We can now train the model with different distributions. Let us train the model with a Laplace, Student’s t, and Cauchy distribution. Note that we use the mode as the point-wise estimate of the distribution as the mean is not defined for the Cauchy distribution.

for dist_family in ["laplace", "student", "cauchy"]:
    print("#" * 38)
    print(f">>> Training with {dist_family.capitalize()} distribution")
    print("#" * 38)
    trainer = TUTrainer(
        accelerator="gpu",
        devices=1,
        max_epochs=MAX_EPOCHS,
        enable_model_summary=False,
        enable_progress_bar=False,
    )
    model = DistMLP(in_features=8, out_features=1, dist_family=dist_family)
    routine = RegressionRoutine(
        output_dim=1,
        model=model,
        loss=loss,
        optim_recipe=torch.optim.Adam(model.parameters(), lr=5e-2),
        dist_family=dist_family,
        dist_estimate="mode",
    )
    trainer.fit(model=routine, datamodule=datamodule)
    trainer.test(model=routine, datamodule=datamodule)
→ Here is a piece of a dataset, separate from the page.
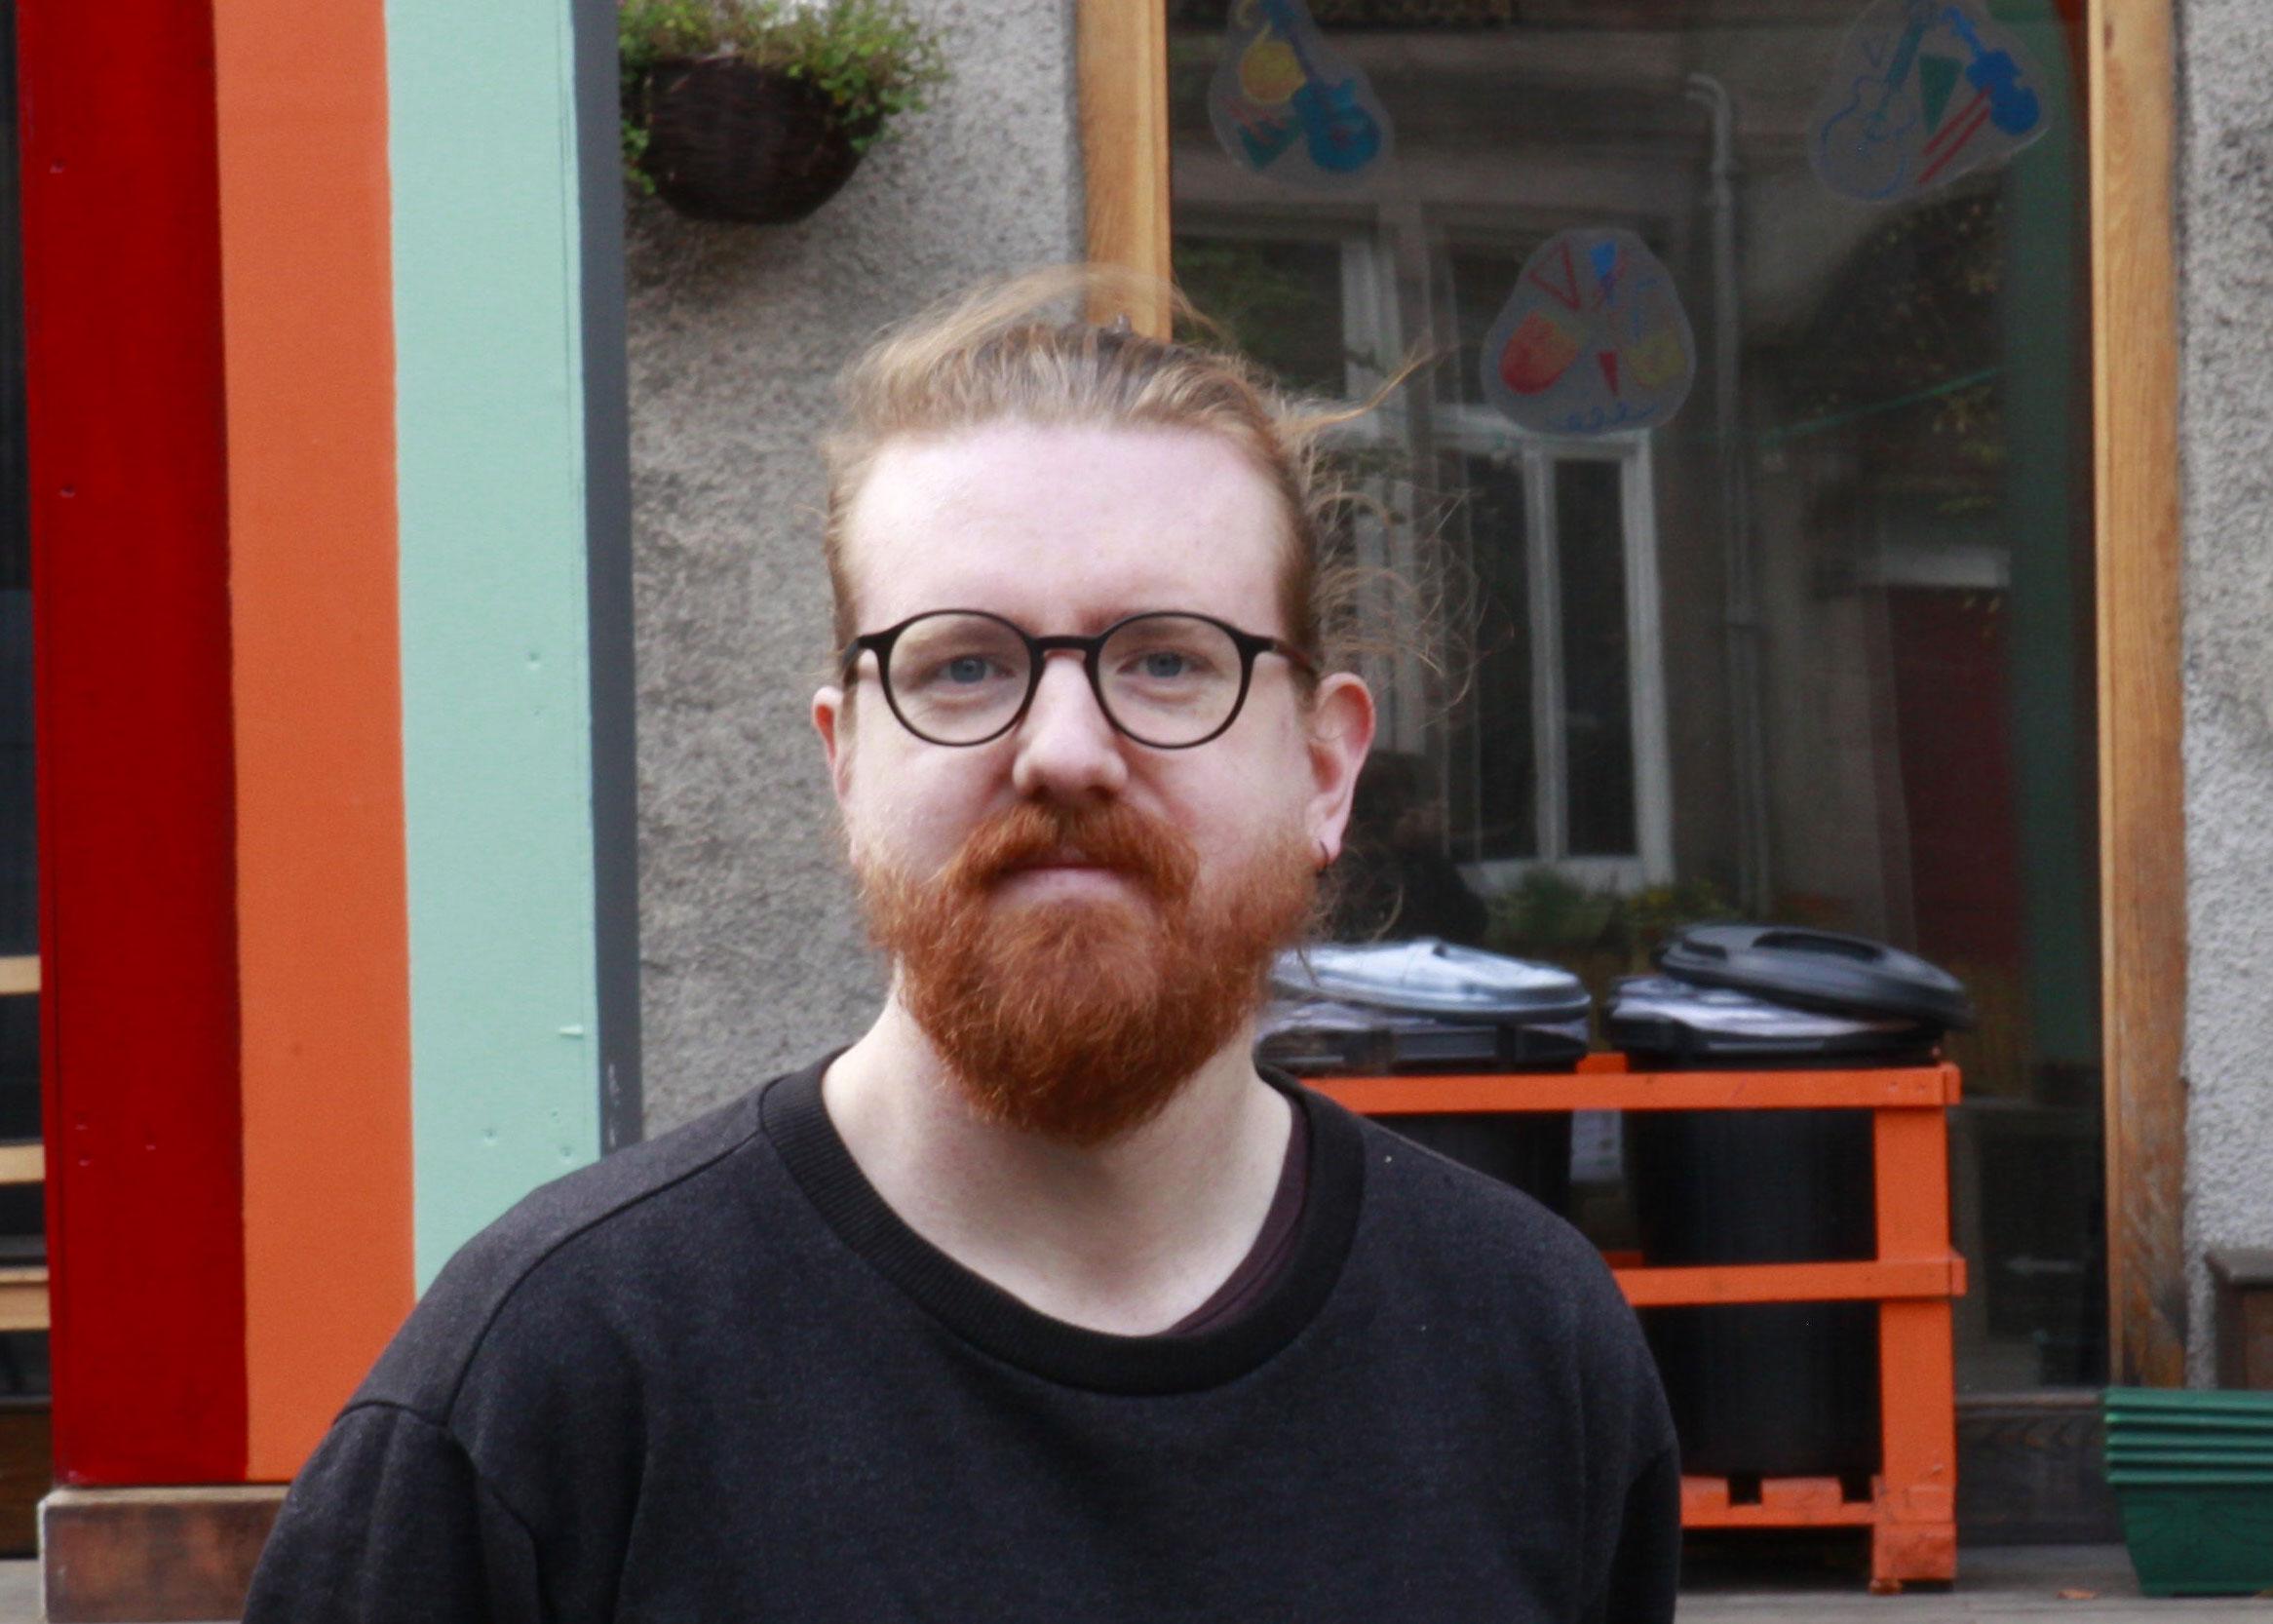 Matt-Belcher-Headshot.jpg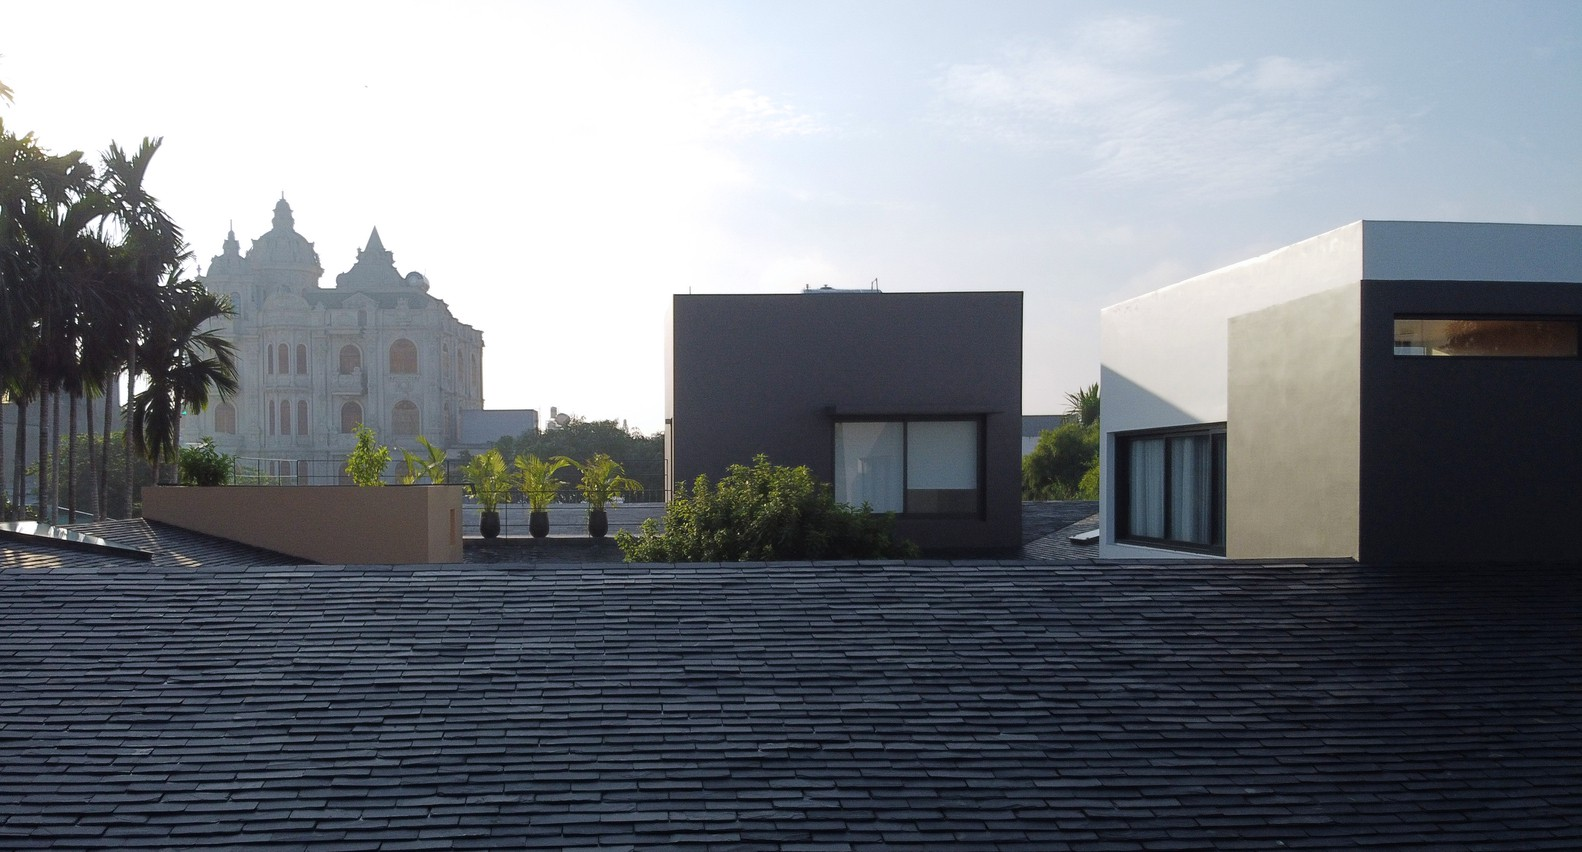 Cách thiết kế này vừa mới lạ vừa tạo cảm giác khối tích như nhà 1 tầng hài hòa với bối cảnh nhà thấp tầng xung quanh, đồng thời tạo ra khoảng không gian trên mái thú vị

######################################
>>> Training with Laplace distribution
######################################
┏━━━━━━━━━━━━━━┳━━━━━━━━━━━━━━━━━━━━━━━━━━━┓
┃ Test metric  ┃        Regression         ┃
┡━━━━━━━━━━━━━━╇━━━━━━━━━━━━━━━━━━━━━━━━━━━┩
│     MAE      │          0.30627          │
│     MSE      │          0.17243          │
│     NLL      │          0.47487          │
│     RMSE     │          0.41525          │
└──────────────┴───────────────────────────┘
######################################
>>> Training with Student distribution
######################################
┏━━━━━━━━━━━━━━┳━━━━━━━━━━━━━━━━━━━━━━━━━━━┓
┃ Test metric  ┃        Regression         ┃
┡━━━━━━━━━━━━━━╇━━━━━━━━━━━━━━━━━━━━━━━━━━━┩
│     MAE      │          0.27546          │
│     MSE      │          0.13468          │
│     NLL      │          0.41088          │
│     RMSE     │          0.36699          │
└──────────────┴───────────────────────────┘
######################################
>>> Training with Cauchy distribution
######################################
┏━━━━━━━━━━━━━━┳━━━━━━━━━━━━━━━━━━━━━━━━━━━┓
┃ Test metric  ┃        Regression         ┃
┡━━━━━━━━━━━━━━╇━━━━━━━━━━━━━━━━━━━━━━━━━━━┩
│     MAE      │          0.32669          │
│     MSE      │          0.20266          │
│     NLL      │          0.63690          │
│     RMSE     │          0.45018          │
└──────────────┴───────────────────────────┘

The Negative Log-Likelihood (NLL) is a good score to encompass the correctness of the predicted distributions, evaluating both the correctness of the mode (the point prediction) and of the predicted uncertainty around the mode (“represented” by the variance). Although there is a lot of variability, in this case, it seems that the Normal distribution often performs better.